Transcribe all of the data exactly. Images stay out.

Data block:
Start of Block

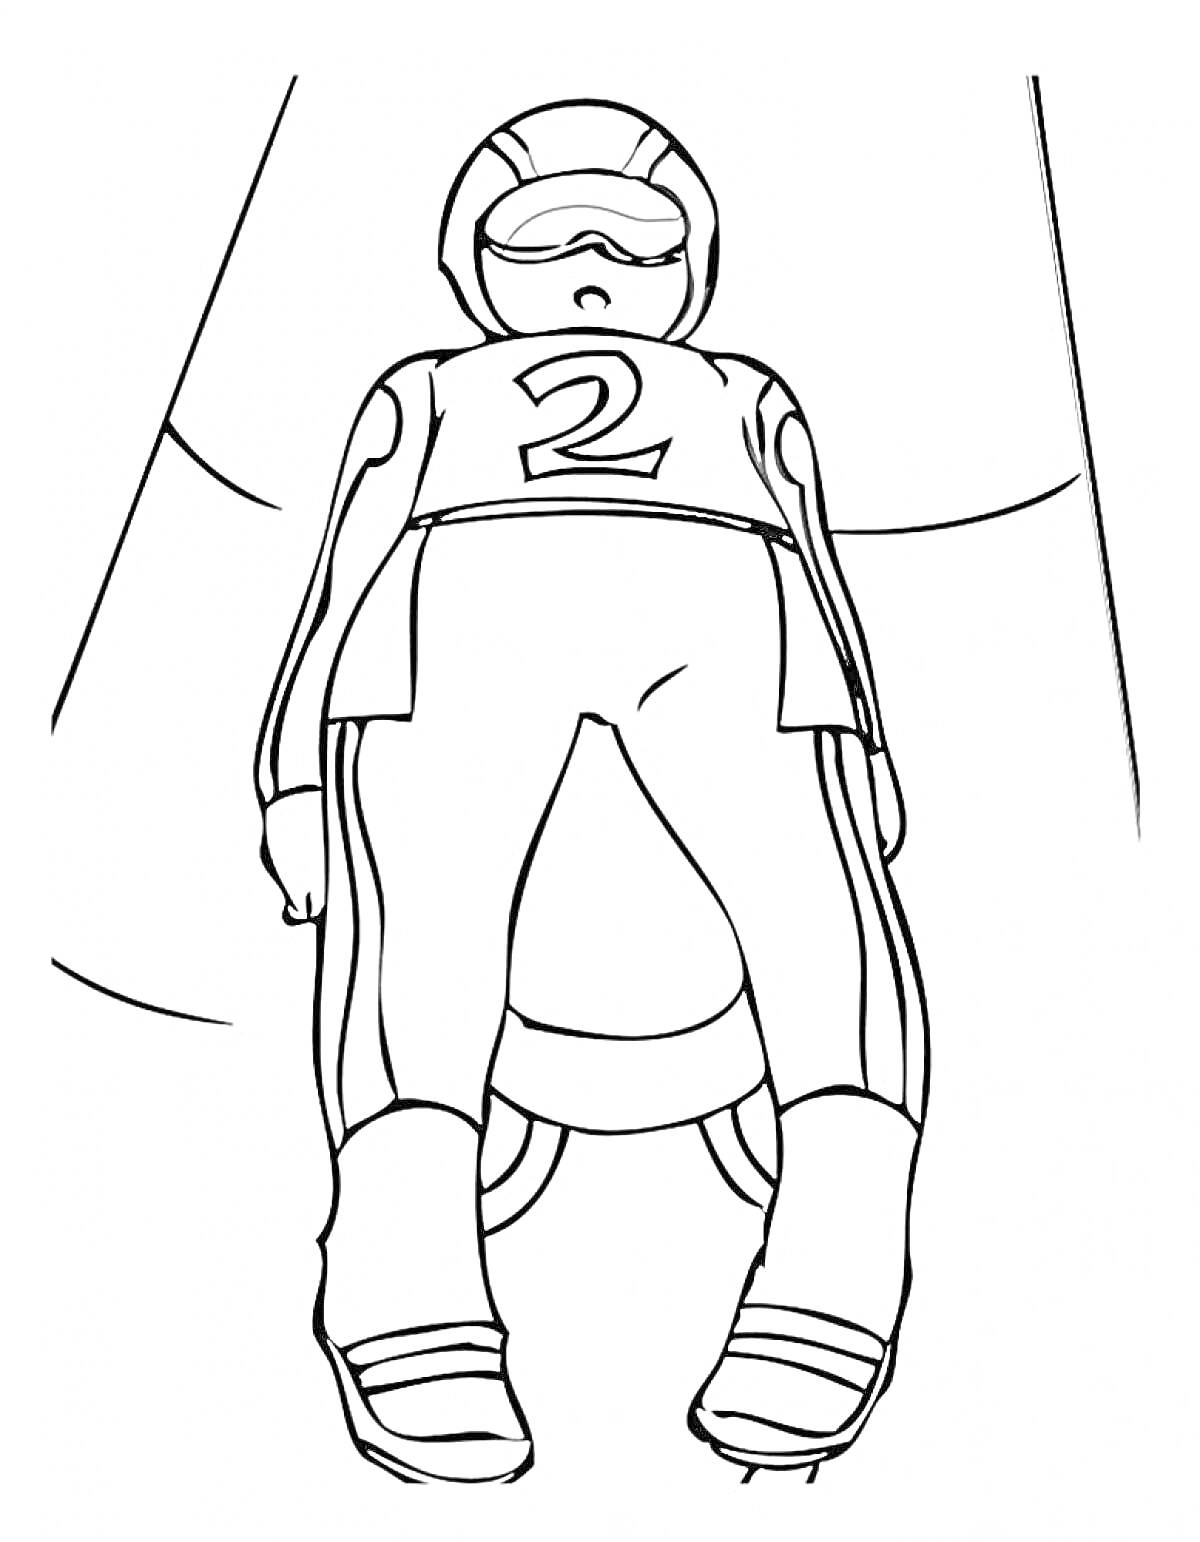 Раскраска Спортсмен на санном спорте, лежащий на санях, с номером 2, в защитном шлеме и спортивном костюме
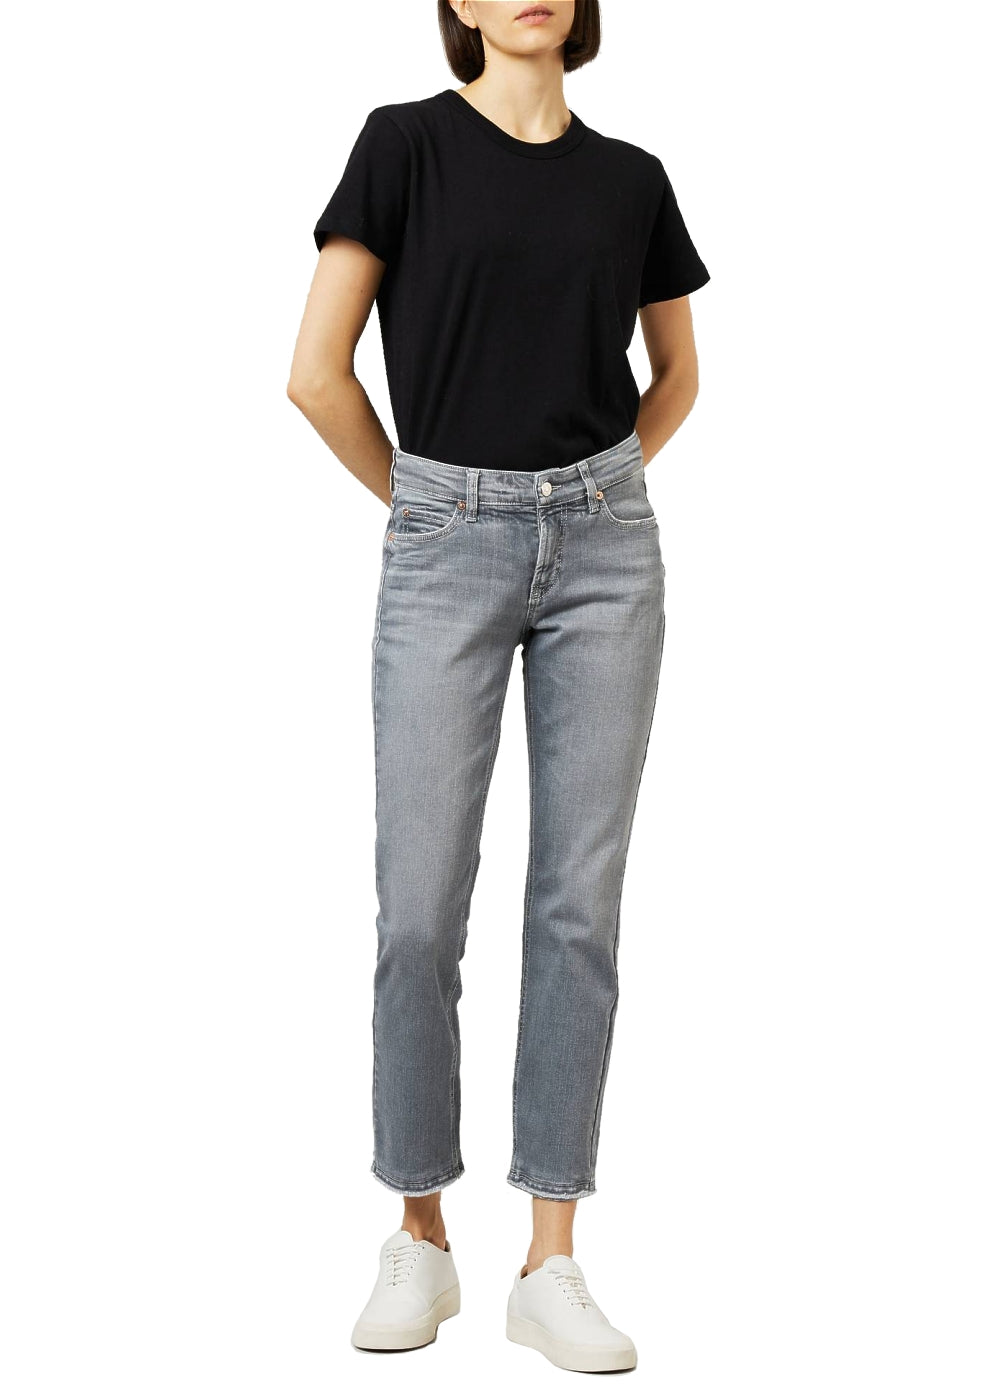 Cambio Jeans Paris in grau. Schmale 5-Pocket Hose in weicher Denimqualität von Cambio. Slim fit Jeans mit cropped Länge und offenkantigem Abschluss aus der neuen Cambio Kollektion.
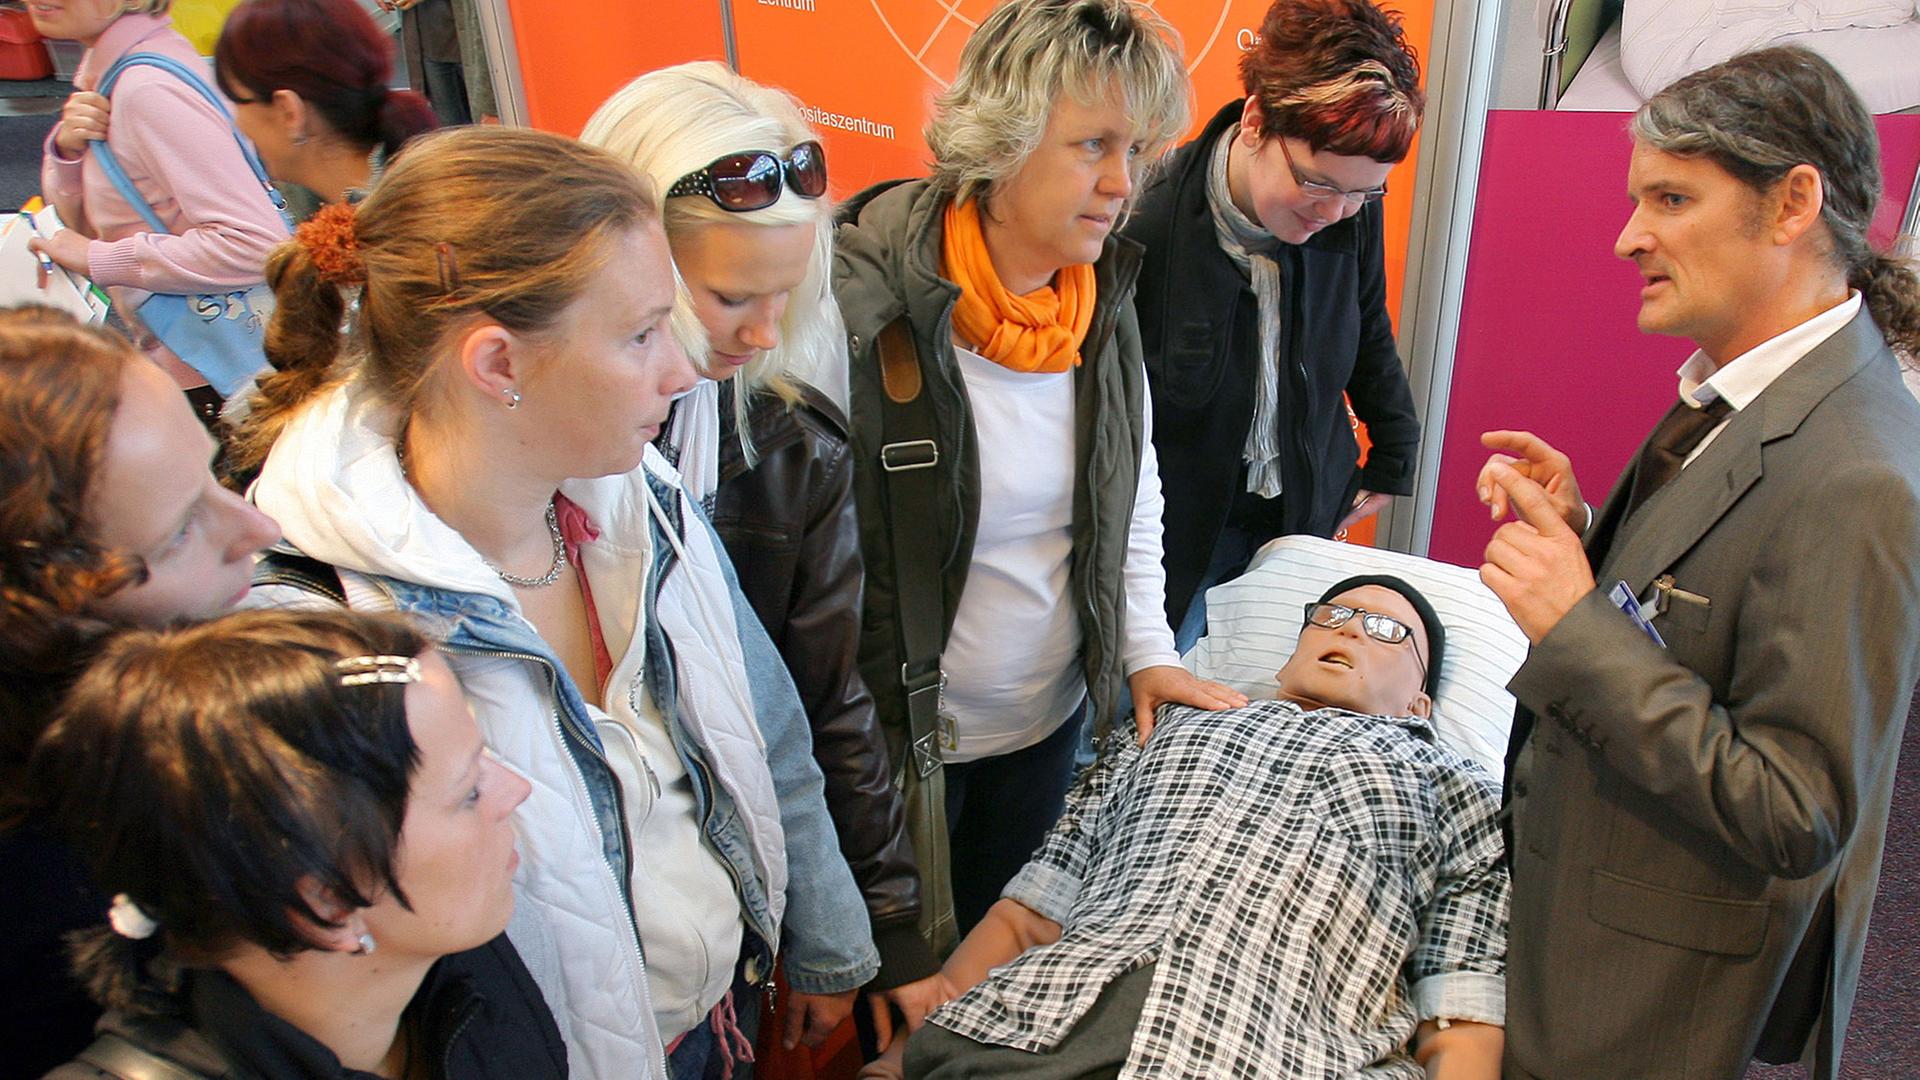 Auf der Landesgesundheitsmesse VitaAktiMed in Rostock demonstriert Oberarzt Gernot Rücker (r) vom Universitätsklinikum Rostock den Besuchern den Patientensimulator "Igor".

End of Block

Output for this task:
 Раскраска Спортсмен на санном спорте, лежащий на санях, с номером 2, в защитном шлеме и спортивном костюме
 Cambio Jeans Paris in grau. Schmale 5-Pocket Hose in weicher Denimqualität von Cambio. Slim fit Jeans mit cropped Länge und offenkantigem Abschluss aus der neuen Cambio Kollektion.
 Auf der Landesgesundheitsmesse VitaAktiMed in Rostock demonstriert Oberarzt Gernot Rücker (r) vom Universitätsklinikum Rostock den Besuchern den Patientensimulator "Igor".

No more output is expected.